Scientists have solved a major problem with the current standard model of cosmology identified by combining results from the Planck spacecraft and measurements of gravitational lensing in order to deduce the mass of ghostly sub-atomic particles called neutrinos.

The team, from the Universities of Manchester and Nottingham, used observations of the Big Bang and the curvature of space-time to accurately measure the mass of these elementary particles for the first time.

The recent Planck spacecraft observations of the Cosmic Microwave Background (CMB) – the fading glow of the Big Bang – highlighted a discrepancy between these cosmological results and the predictions from other types of observations. The CMB is the oldest light in the Universe, and its study has allowed scientists to accurately measure cosmological parameters, such as the amount of matter in the Universe and its age. But an inconsistency arises when large-scale structures of the Universe, such as the distribution of galaxies, are observed.

Professor Richard Battye, from The University of Manchester School of Physics and Astronomy, said: “We observe fewer galaxy clusters than we would expect from the Planck results and there is a weaker signal from gravitational lensing of galaxies than the CMB would suggest.
“A possible way of resolving this discrepancy is for neutrinos to have mass. The effect of these massive neutrinos would be to suppress the growth of dense structures that lead to the formation of clusters of galaxies.”

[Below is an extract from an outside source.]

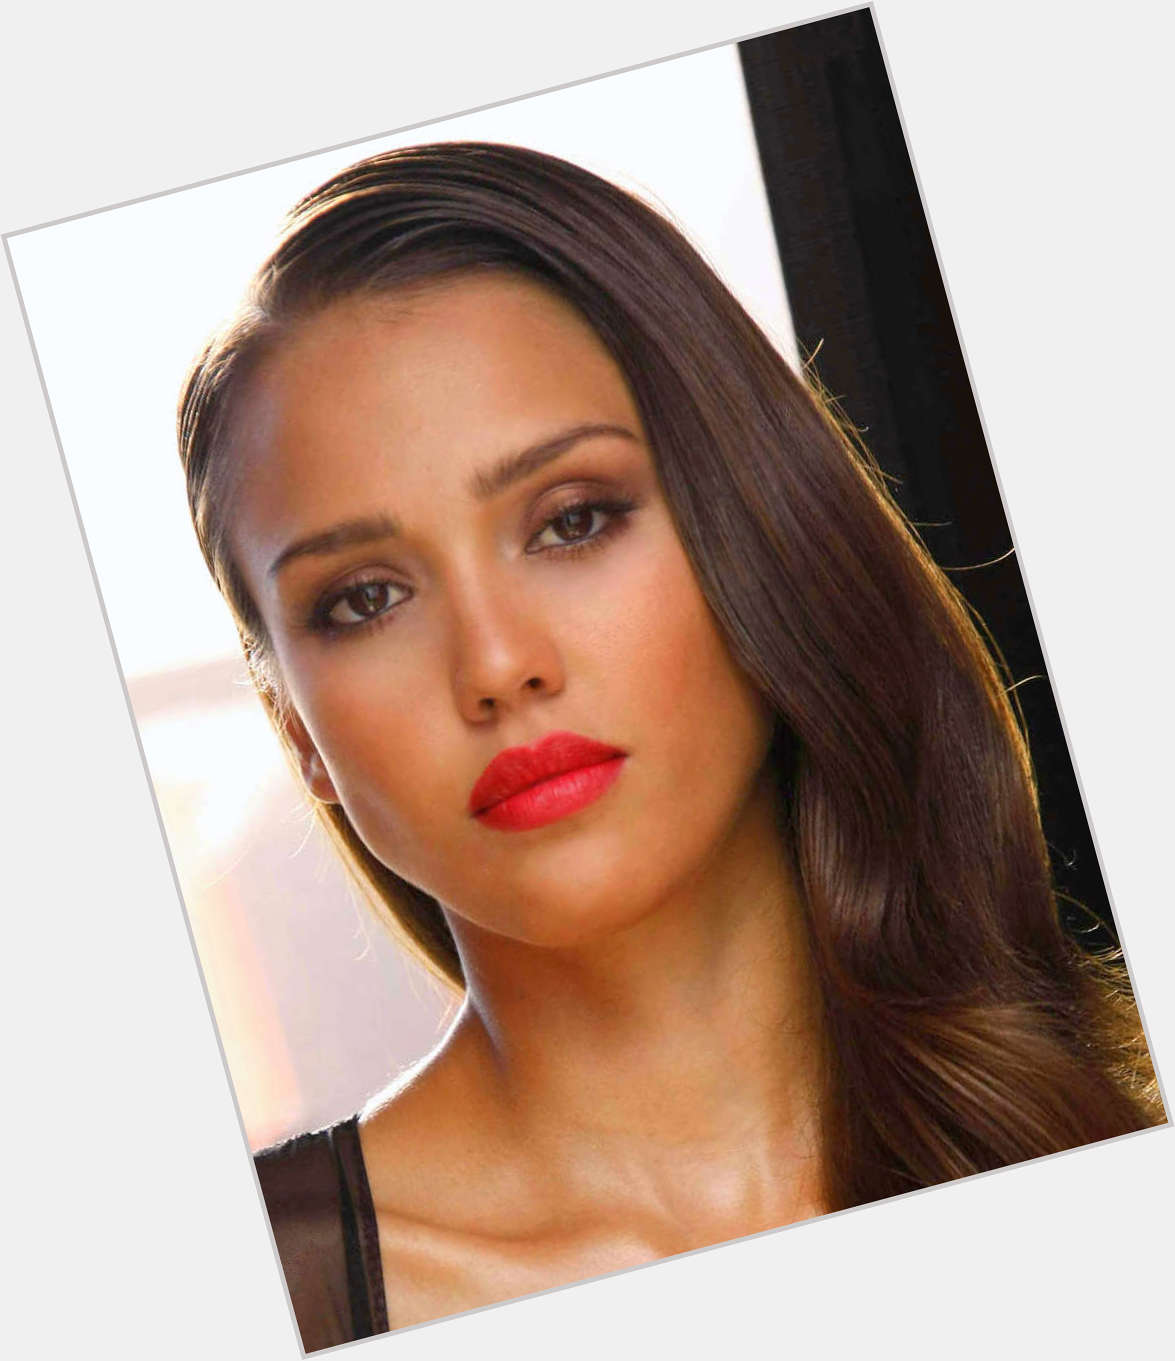 Jessica Alba April 28 Sending Very Happy Birthday Wishes! All the Best!

Neutrinos interact very weakly with matter and so are extremely hard to study. They were originally thought to be massless but particle physics experiments have shown that neutrinos do indeed have mass and that there are several types, known as flavours by particle physicists. The sum of the masses of these different types has previously been suggested to lie above 0.06 eV (much less than a billionth of the mass of a proton).

In this paper (published in Physical Review Letters on 7th February 2014), Professor Battye and co-author Dr Adam Moss, from the University of Nottingham, have combined the data from Planck with gravitational lensing observations in which images of galaxies are warped by the curvature of space-time. They conclude that the current discrepancies can be resolved if massive neutrinos are included in the standard cosmological model. They estimate that the sum of masses of neutrinos is 0.320 +/- 0.081 eV (assuming active neutrinos with three flavours).

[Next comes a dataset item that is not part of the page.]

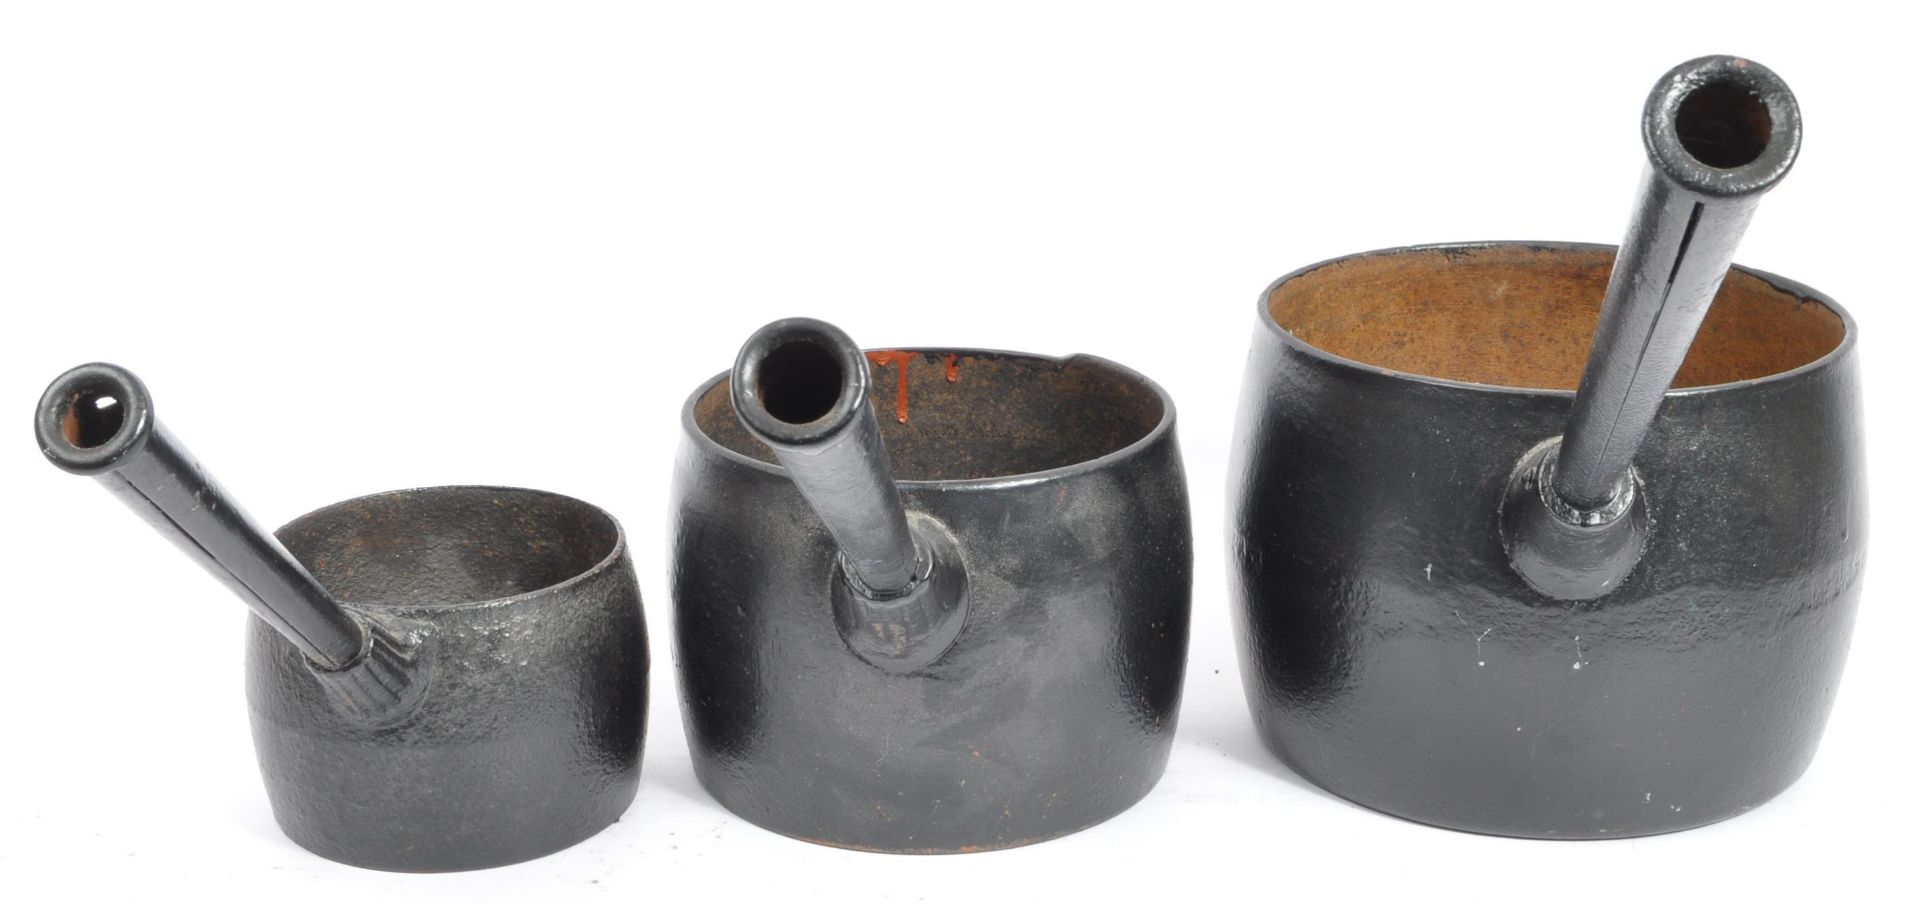 THREE 19TH CENTURY CAST IRON 'GYPSY' COOKING POTS - Image 2 of 3

Dr Moss said: “If this result is borne out by further analysis, it not only adds significantly to our understanding of the sub-atomic world studied by particle physicists, but it would also be an important extension to the standard model of cosmology which has been developed over the last decade.”

The paper is published in Physical Review Letters on 7th February and has been selected as an Editor’s choice.

Notes

A copy of the paper is available from http://arxiv.org/abs/1308.5870 or http://prl.aps.org/abstract/PRL/v112/i5/e051303.

Jodrell Bank's role in Planck

This paper makes use of CMB data from the European Space Agency’s Planck spacecraft and from the South Pole Telescope.

Jodrell Bank Centre for Astrophysics is directly involved with the two lowest frequencies of the Low Frequency Instrument on board Planck, the 30 and 44 GHz radiometers. These have four and six detectors respectively, operating at 20 Kelvin (-253.15 degrees Celsius). The resolution on the sky is 33 and 27 arc minutes, and the sensitivity 1.6 and 2.4 micro K (over 12 months). The cryogenic low noise amplifiers which are the heart of the radiometers were developed at Jodrell Bank, with help from the National Radio Astronomy Observatory in Virginia, USA.

Dr B Maffei and Dr G Pisano are involved in the other focal instrument, the HFI. First at Cardiff University and then at The University of Manchester, they have played a major role in the design, development and calibration of the Focal Plane Unit, in particular the cold optics, in collaboration with the Institut d'Astrophysique Spatiale, France, Maynooth University, Ireland and JPL/Caltech, USA.

The work to understand the Galactic emission seen by Planck is being co-led from Jodrell Bank by Emeritus Professor Rod Davies and Dr Clive Dickinson. A number of projects are led by Jodrell Bank scientists, including Professor Richard Davis and Dr Clive Dickinson. Each of the 14 projects focuses on one aspect of the Galaxy as seen by Planck, including the electrons that gyrate in the Galactic magnetic field, the ionized gas that pervades the interstellar medium and the dust grains that emit across the entire frequency range that Planck is sensitive to. Jodrell Bank is also leading the calibration and identifying systematics in the LFI data.

Jodrell Bank and Gravitational Lensing

This work uses gravitational lensing data from the Canada-France-Hawaii Telescope Lensing Survey (CFHTLenS).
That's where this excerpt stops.